This article investigates the environmental profile and costs of woody BTL production and use by reviewing existing LCA studies. The findings reveal that BTL from sustainably managed forest biomass and woody waste may have a lower overall environmental impact than fossil diesel. The benefits of using BTL instead of fossil diesel are largely due to savings in fossil energy use, which offer savings in GHG emissions since a large part of the lifecycle CO2 emissions are biogenic.

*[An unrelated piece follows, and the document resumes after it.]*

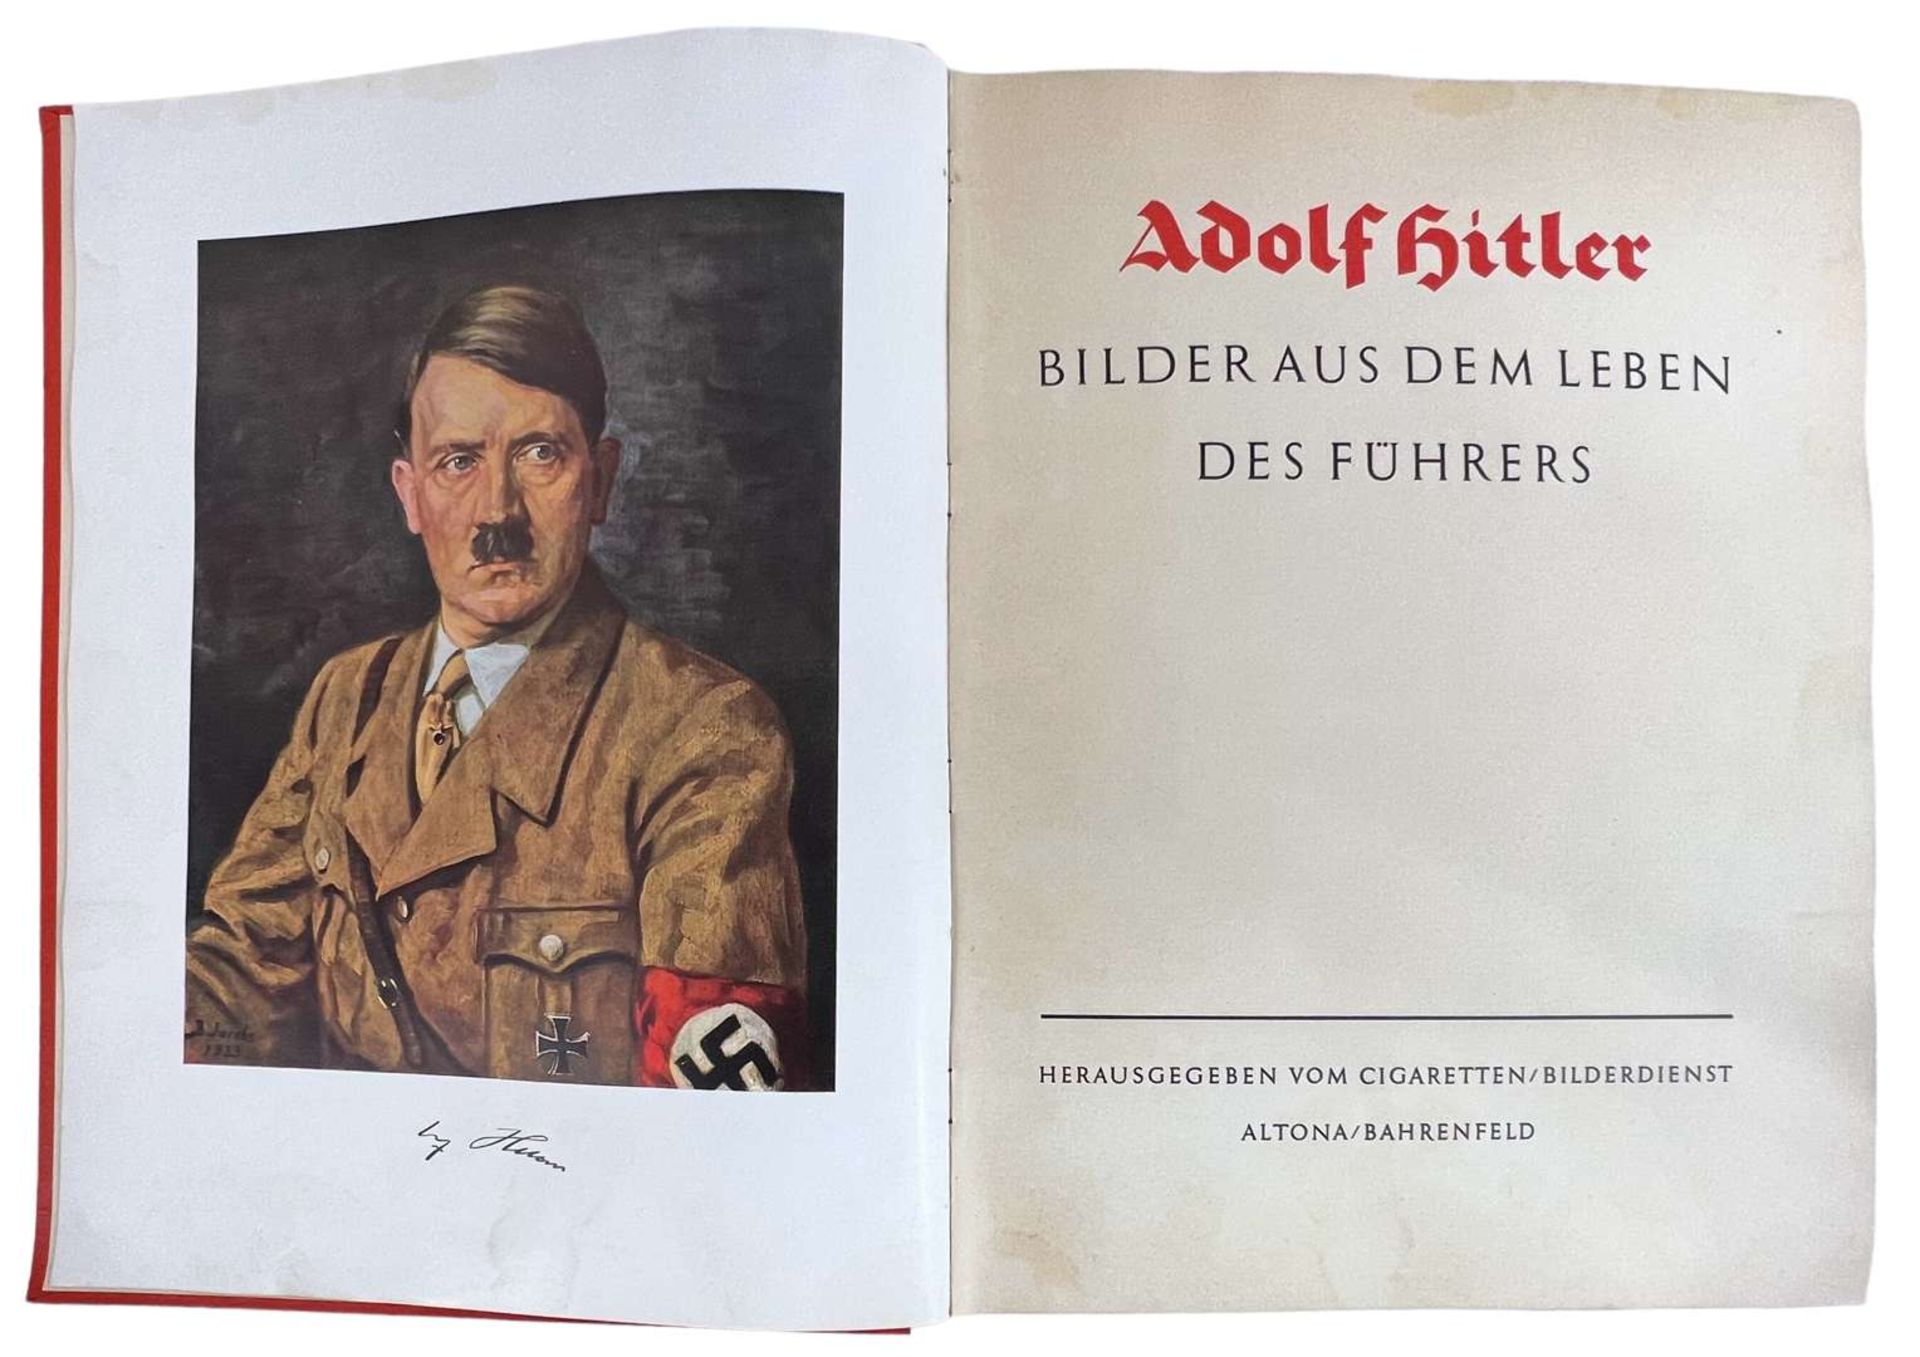 III German Reich Book "Adolf Hitler. Bilder aus dem Leben des Fuhrers", 1936 - Image 5 of 9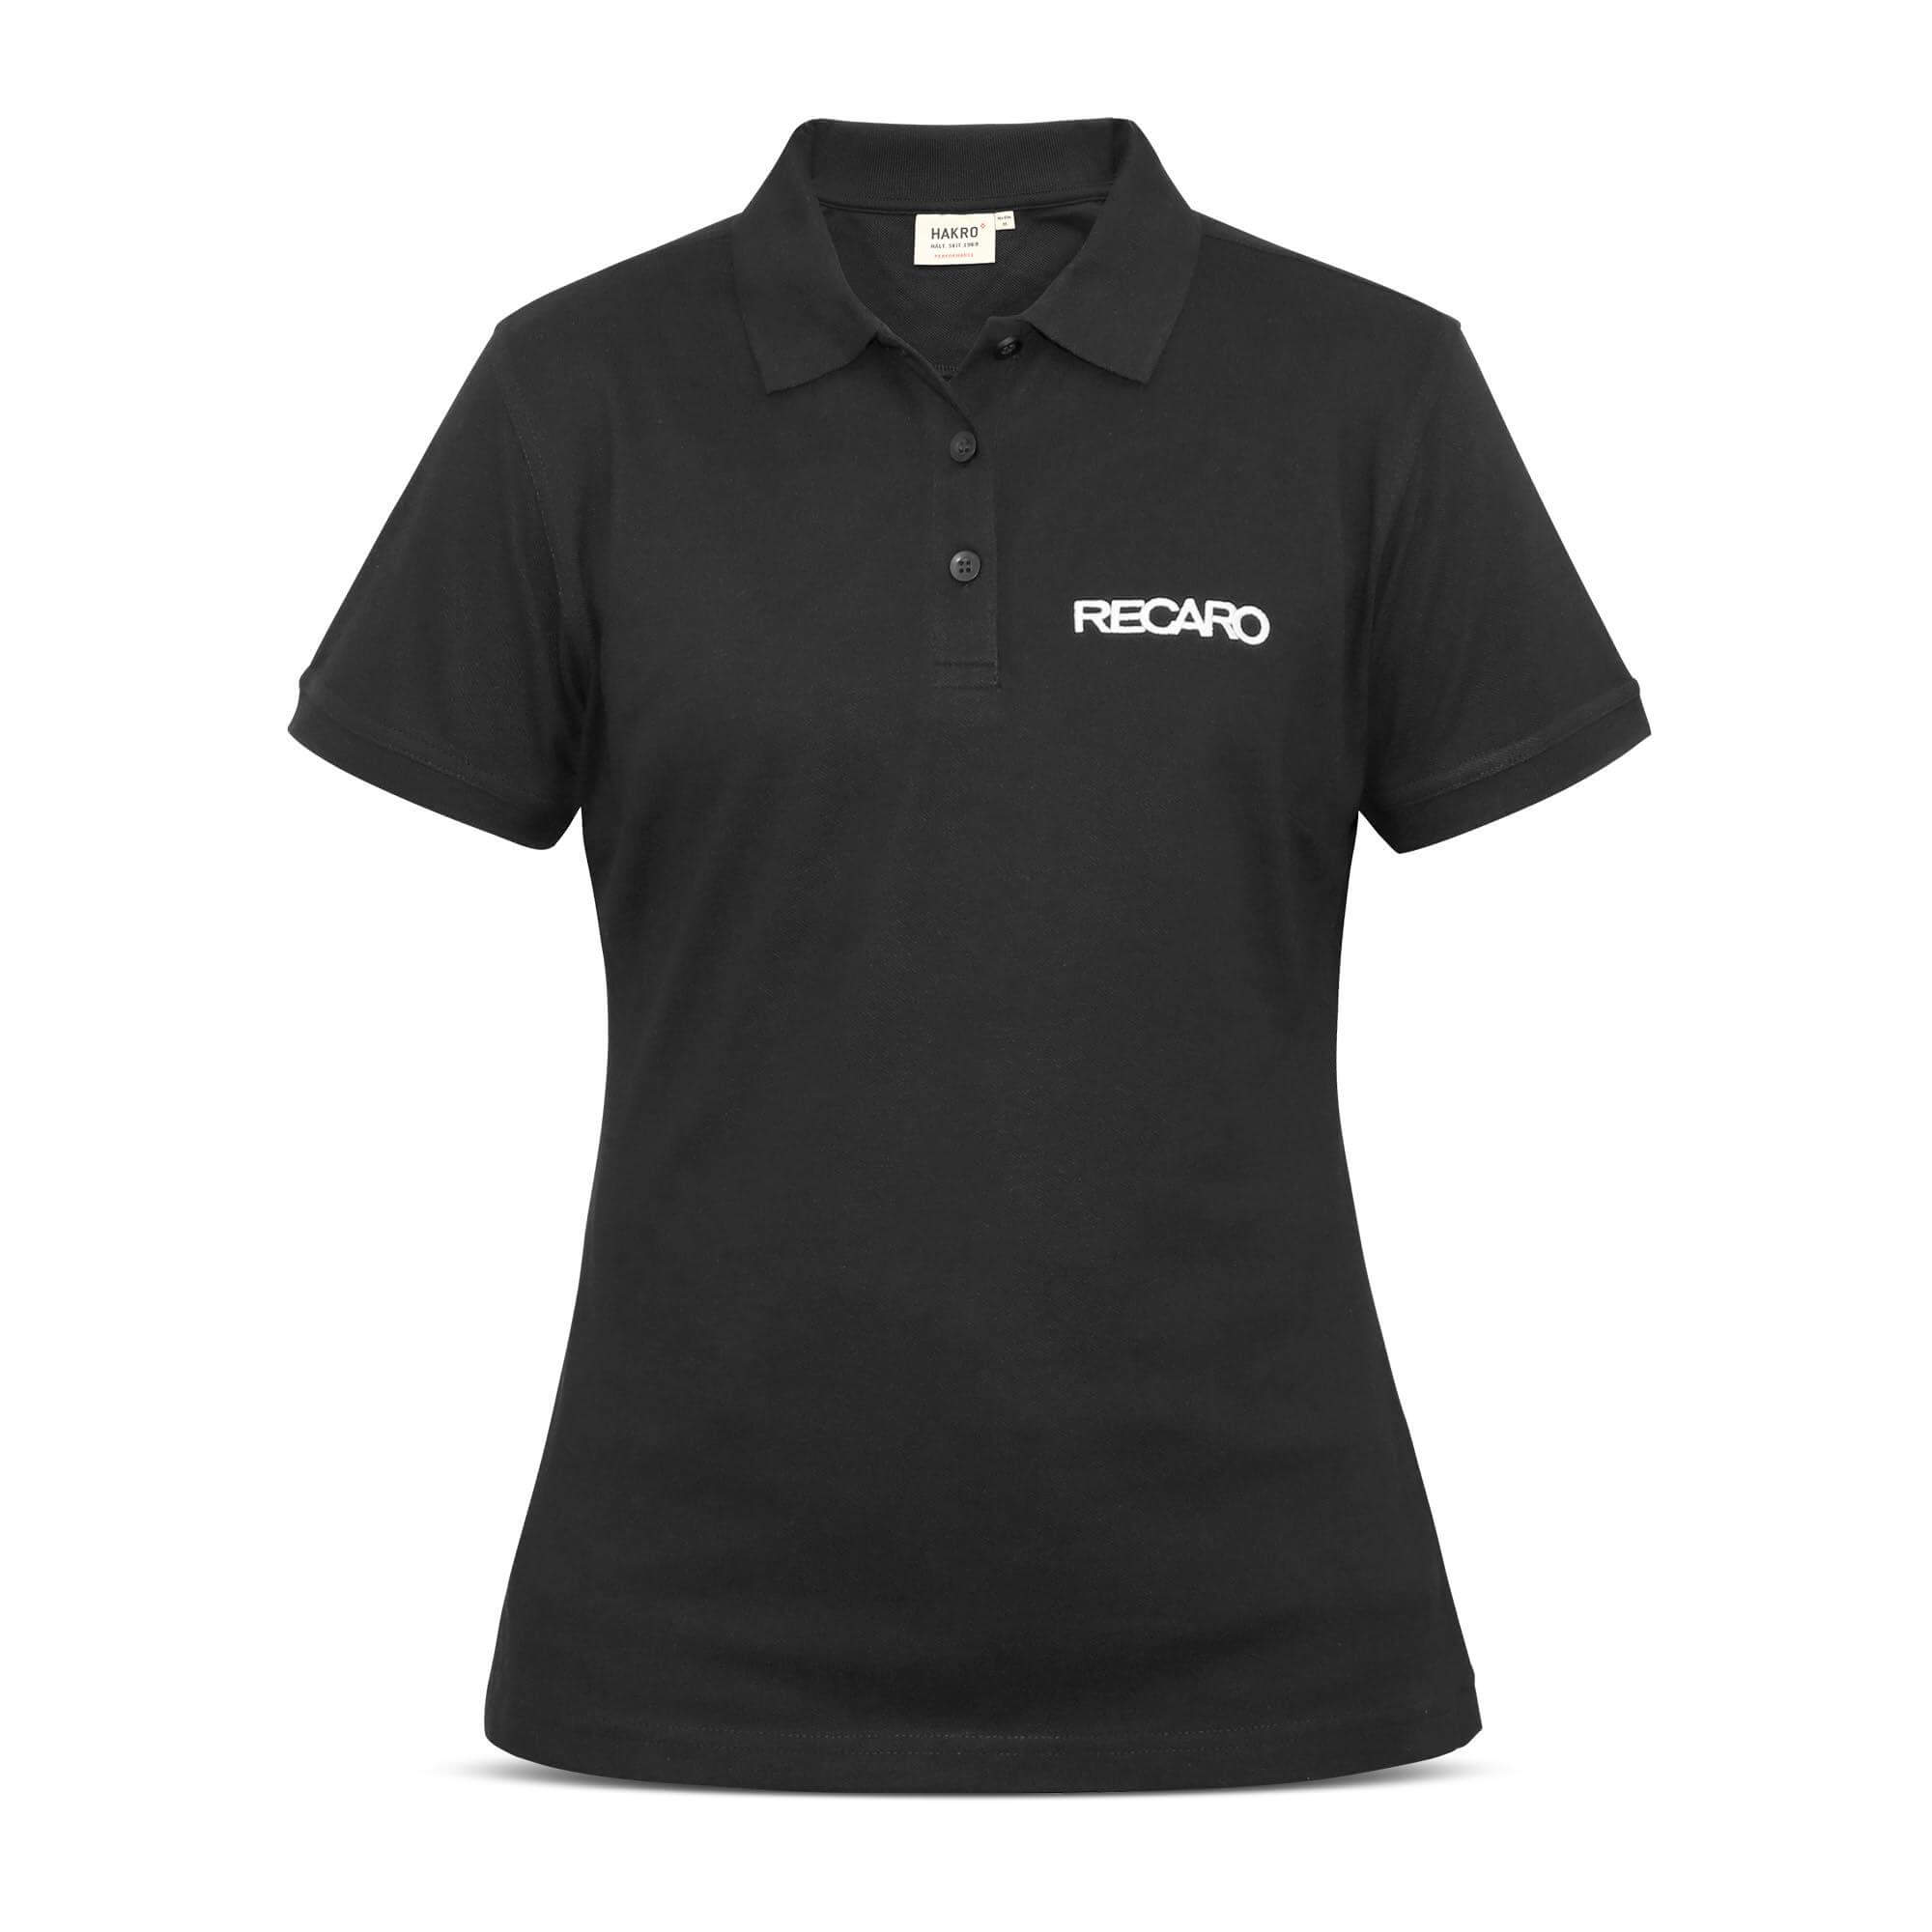 RECARO 21000378 Polo shirt ladies, size XL Photo-0

Improvements in the impact category photosmog or summer smog have also been reported. On the other hand, wood based BTL may increase eutrophication and acidification, and increased ozone depletion and toxicity may also be expected. While global indicators like climate change, non-renewable resources and ozone depletion are fairly easy to interpret, the local indicators such as eutrophication, acidification, photosmog and toxicity are site specific, and an LCA will not take into account where, when and at which rate the emissions occur, which are important parameters when estimating local pollution effects. In addition, increased logging or the establishment of short rotation plantations may impact biodiversity, land-use changes and the value of nature. The reported results differed when assessing the same fuel due to differences in methodology and data assumptions. For the methodological part, differences in system boundaries, system completeness and chosen allocation methods contributed to the ranges in results. Differences regarding data inputs, such as plant efficiency and fuel consumption were also important for the differences in results. The most influential or sensitive factors within the reviewed studies were the assumed type of feedstock, plant efficiency and drivetrain. The reported production costs of BTL are in the range of 0.70-1.12 euros per liter. The costs are largely influenced by plant scale, biomass costs and plant efficiency. Biofuels are generally not considered a cost effective climate mitigation means, but there are no other feasible solutions than biofuels for the heavy transport sector in the short to medium term.

Suggested Citation

  • Sunde, K. & Brekke, A. & Solberg, B., 2011. "Environmental impacts and costs of woody Biomass-to-Liquid (BTL) production and use -- A review," Forest Policy and Economics, Elsevier, vol. 13(8), pages 591-602, October.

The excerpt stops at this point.